También estableció tarifas separadas para abastecimiento, coordinación y dirección creativa.

La primera vez que envió una cotización con esos conceptos, estuvo a punto de reducir el precio antes de mandarla.

No lo hizo.

El cliente aceptó.

Daniel se enteró, por supuesto.

En ciertos círculos la información viajaba rápido.

Meses después, Ada volvió a coincidir con él en un evento.

Chidinma estaba a su lado.

Daniel vio a Ada hablando con dos proveedores y revisando una lista.

Esta vez no se rio.

Tampoco hubo una escena.

Ada saludó con educación cuando quedaron lo bastante cerca.

Chidinma respondió primero.

—He visto tu trabajo —dijo—. Es precioso.

—Gracias.

Daniel abrió la boca como si quisiera agregar algo.

Ada ya estaba atendiendo a otra persona.

No porque quisiera humillarlo.

Porque tenía cosas que hacer.

Tiempo después encontró en una caja los zapatos negros que le había comprado para aquella primera entrevista ejecutiva.

Daniel se los había dejado años atrás y ella nunca se había dado cuenta de que seguían ahí.

Ada los sostuvo unos segundos.

En otra época, aquel objeto habría provocado una cadena completa de recuerdos.

La renta que pagó.

Las madrugadas ayudándolo.

Las siete palabras.

Esta vez solo vio unos zapatos que ocupaban espacio.
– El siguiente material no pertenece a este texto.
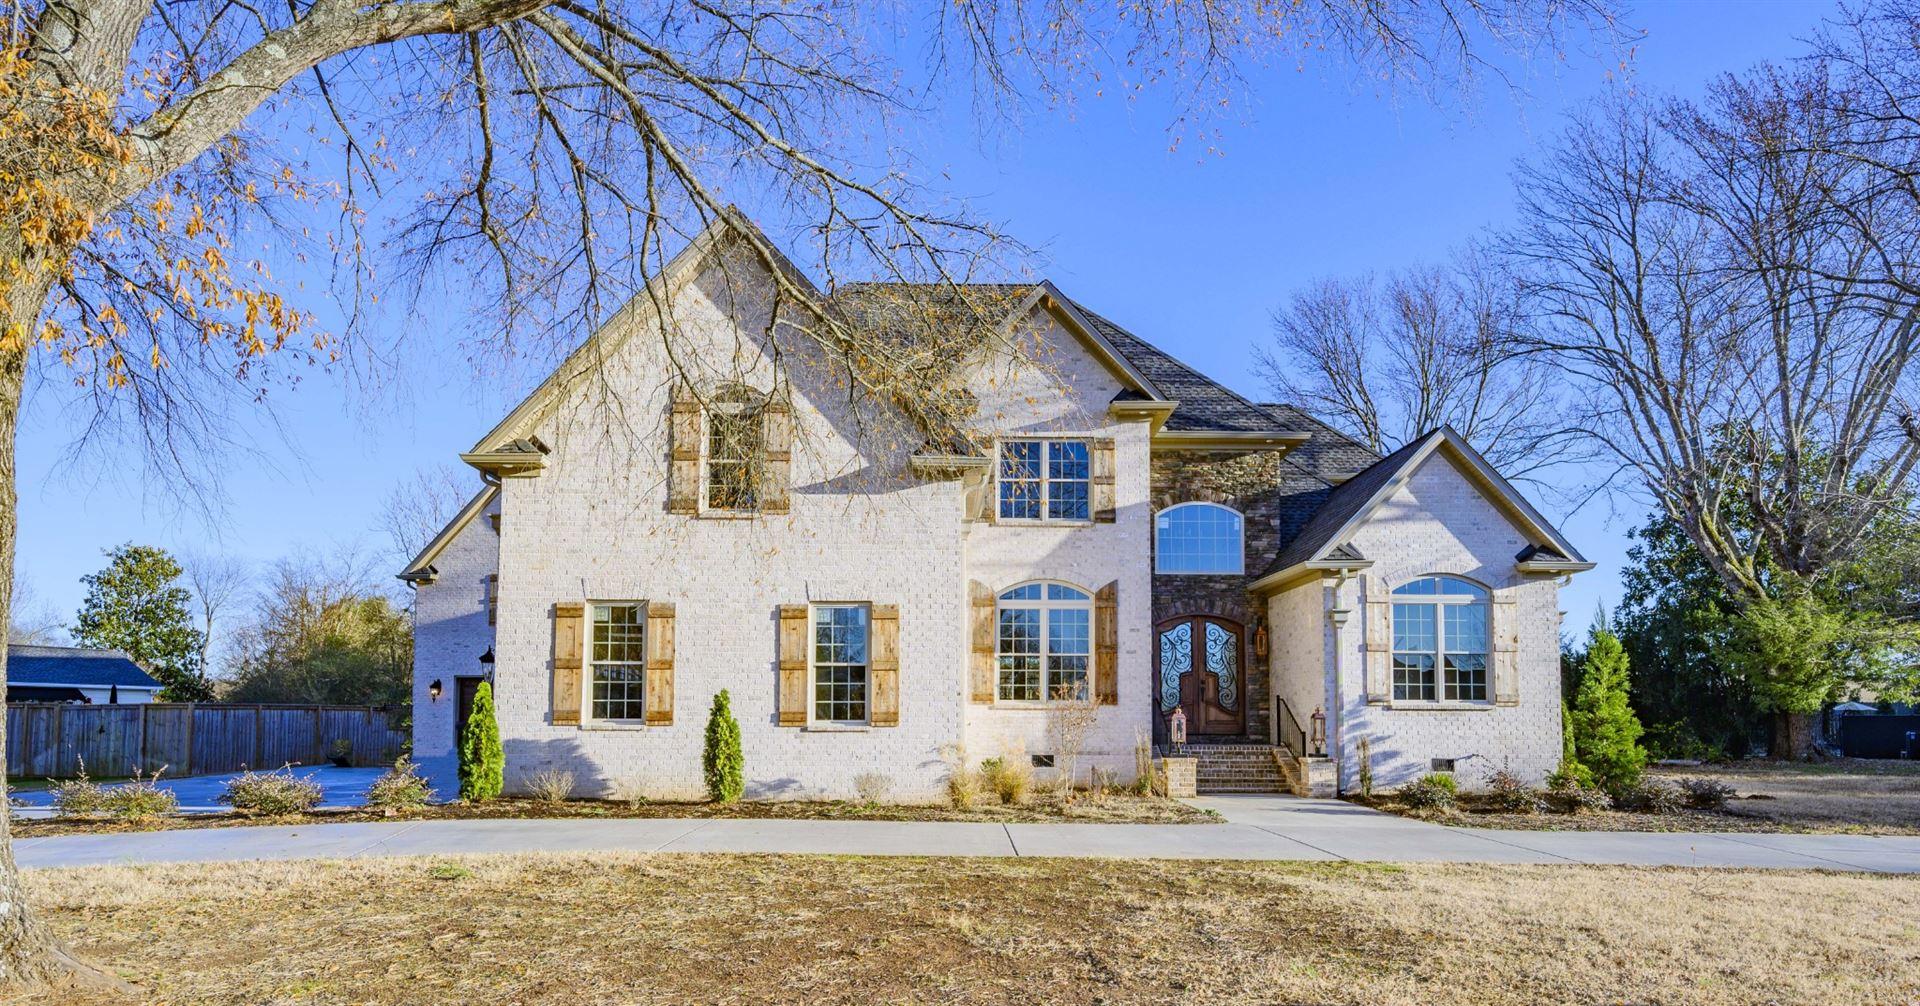 1619 Georgetown Lane, Murfreesboro, TN 37129 - MLS#: 2215609

Los apartó para sacarlos del local.

Luego volvió a los tres estantes originales.

En el estante superior colocó la primera carpeta del proyecto de los Okafor.

No como trofeo.

Como referencia para el siguiente presupuesto.
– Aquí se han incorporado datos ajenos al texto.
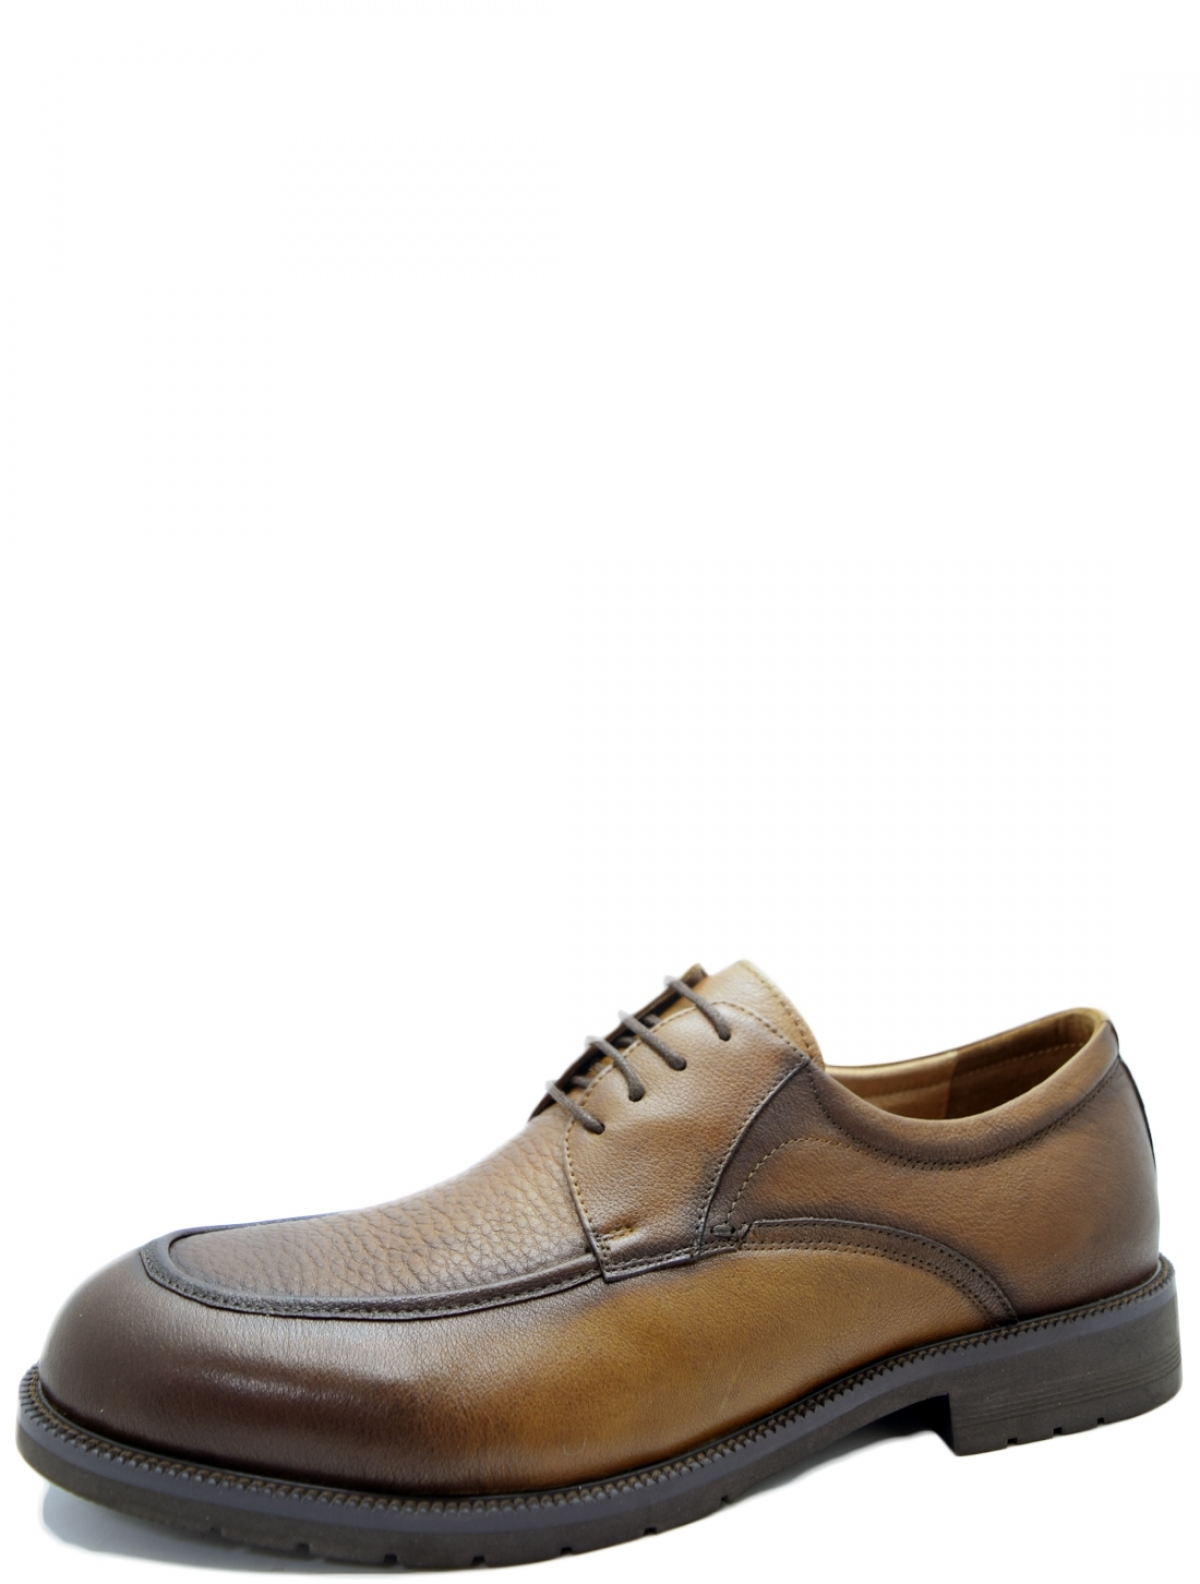 Roscote 807002-C19-T2866 мужские туфли

La calculadora seguía sobre el mostrador.

También seguían llegando pedidos pequeños, clientes indecisos y semanas difíciles.

Su vida no se había convertido de pronto en una sucesión de contratos enormes.

Lo que cambió fue otra cosa.

Ada dejó de organizar su futuro alrededor de la posibilidad de que alguien más considerara que ella pertenecía a cierto nivel.

Ahora calculaba costos, riesgos y oportunidades por sí misma.

Y cuando una propuesta no le convenía, decía que no.

Cuando un proyecto sí le convenía, dejaba de pedir permiso antes de cobrar lo que correspondía.

Una tarde, mientras cerraba el nuevo espacio, Emanuel pasó para revisar unas muestras de otro evento.

Se detuvo frente a los viejos estantes.

—¿Esos son los famosos tres estantes?

Ada sonrió.

—Esos mismos.

—Pensé que los habrías cambiado.

—Todavía sirven.

Emanuel tocó una de las repisas, marcada por años de rollos, tijeras y cuentas.

—Entonces deberían quedarse.

Ada apagó la luz del área de muestras y tomó las llaves.

Los tres estantes quedaron detrás de ella, ya no como el límite de lo que había construido, sino como el lugar desde donde había empezado.